Henry said she is sometimes asked about the experience of being a transgender doctor, and her best response is a quote from French philosopher Simone de Beauvoir, who called affliction “physical pain, distress of soul and social degradation all at the same time.”
“It was in 2013 when my only New Year’s resolutions were to not end my life or end up in jail,” Henry said. “I was an active duty captain. At the time, those goals seemed like the lowest hanging fruit I could reach.”
Henry, who said she had to find Jesus Christ after learning “we have to find people of character who give us the reins” to be better people, became emotional as she talked about the challenges and had to pause briefly before she could continue.
The Pentagon held the event without issuing any kind of formal memorandum recognizing Pride — another first since “Don’t Ask, Don’t Tell” repeal certification in 2011. A Pentagon spokesperson, nonetheless, told the Blade the celebration in the auditorium was “an official event.”
No senior Pentagon official was on the stage for the event, although Sergeant Major of the Army Daniel Dailey and Vee Penrod, acting secretary for manpower and reserve affairs, were seated in the audience, as well as Maj. Gen. Tammy Smith, the first openly gay general officer.

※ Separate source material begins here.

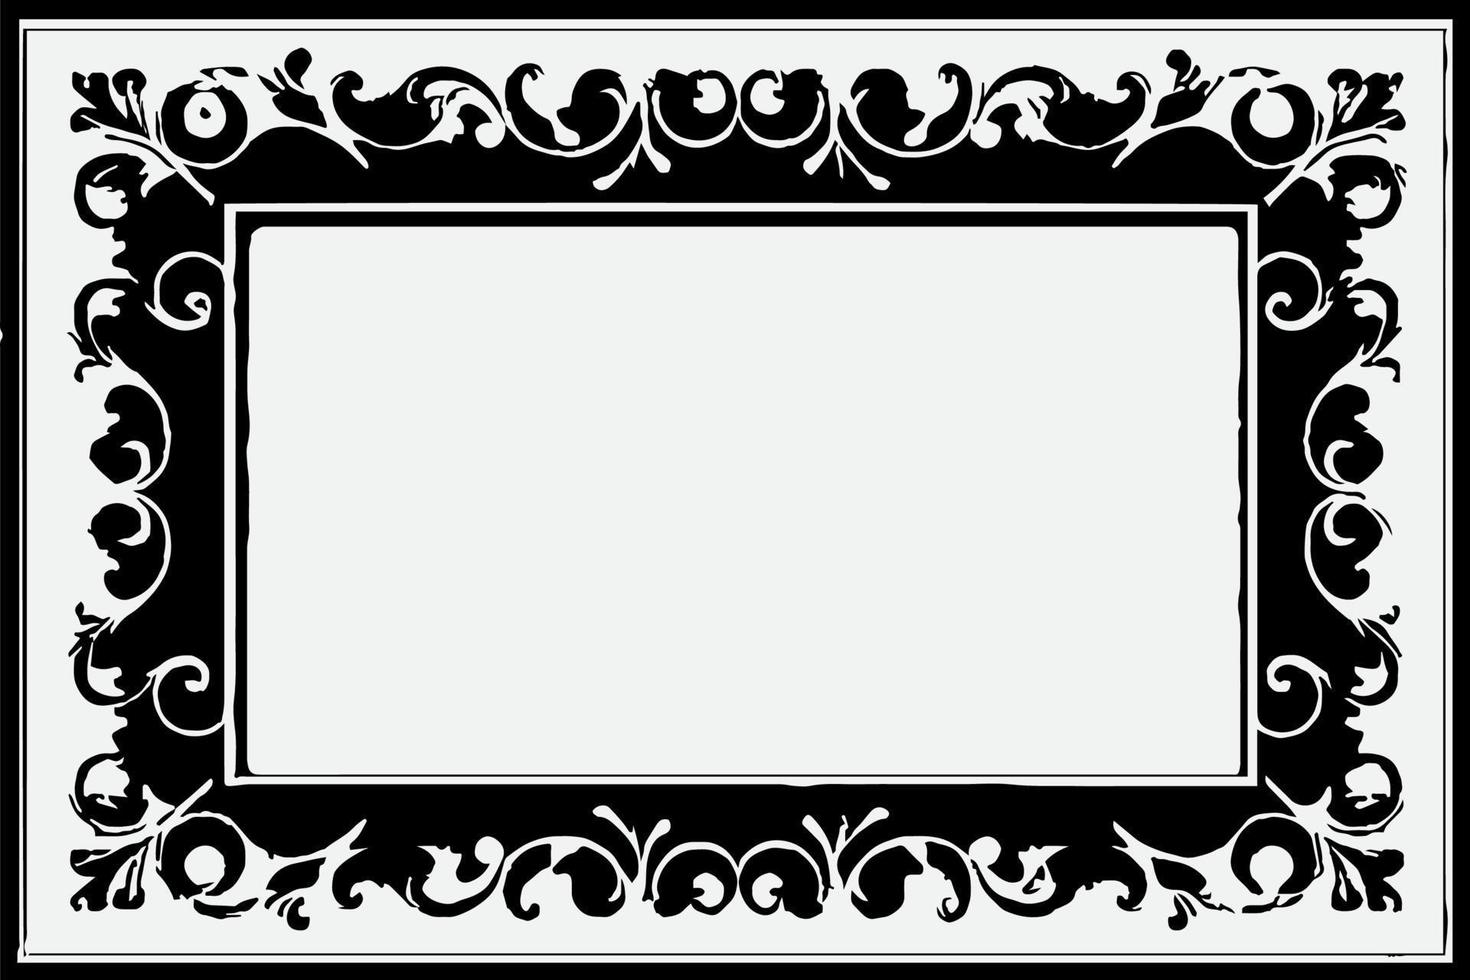 cuadrado marco con grunge negro tinta ornamento alrededor el bordes, blanco antecedentes en vector eps formato.

Although under the Obama administration Chuck Hagel and Ashton Carter attended the event and delivered remarks, Defense Secretary James Mattis — who recently penned his name to a 45-page recommendation against transgender service — wasn’t in attendance.
Matthew Thorn, executive director of the LGBTQ military group OutServe-SLDN, was present at the event and afterward told the Blade attendees were able to embrace the Pride spirit.
“I think it’s evident from the energy of the people, from the attendance of certain people, including Sgt. Maj. Dailey, that there are individuals in this building, the command and the military structure — both civilian and uniformed — that still support LGBT individuals in service,” Thorn said.
Another transgender speaker at the event was Lt. Cmdr. Blake Dremann, a staff officer for the Nuclear Enterprise Support Office at the Defense Logistics Agency headquarters, who attended the event as a recipient of DOD Pride’s Military Leadership Award.
Although he’s serving under Trump’s transgender military ban, Dremann said he enjoys “a lot of privilege” in the military compared to other transgender troops “as an officer who has broken barriers in many ways, with a good reputation and as a male.”
“My struggles are wholly different than many of the service members that I have the privilege of leading,” Dremann said.
Dremann recalled the story of a transgender soldier who faced significant pushback and admonition during her transition, but “that drove her to be the best that she could be,” and another story of a sailor who came out as transgender after she was promoted to chief, but was able to keep the position and begin mentoring others.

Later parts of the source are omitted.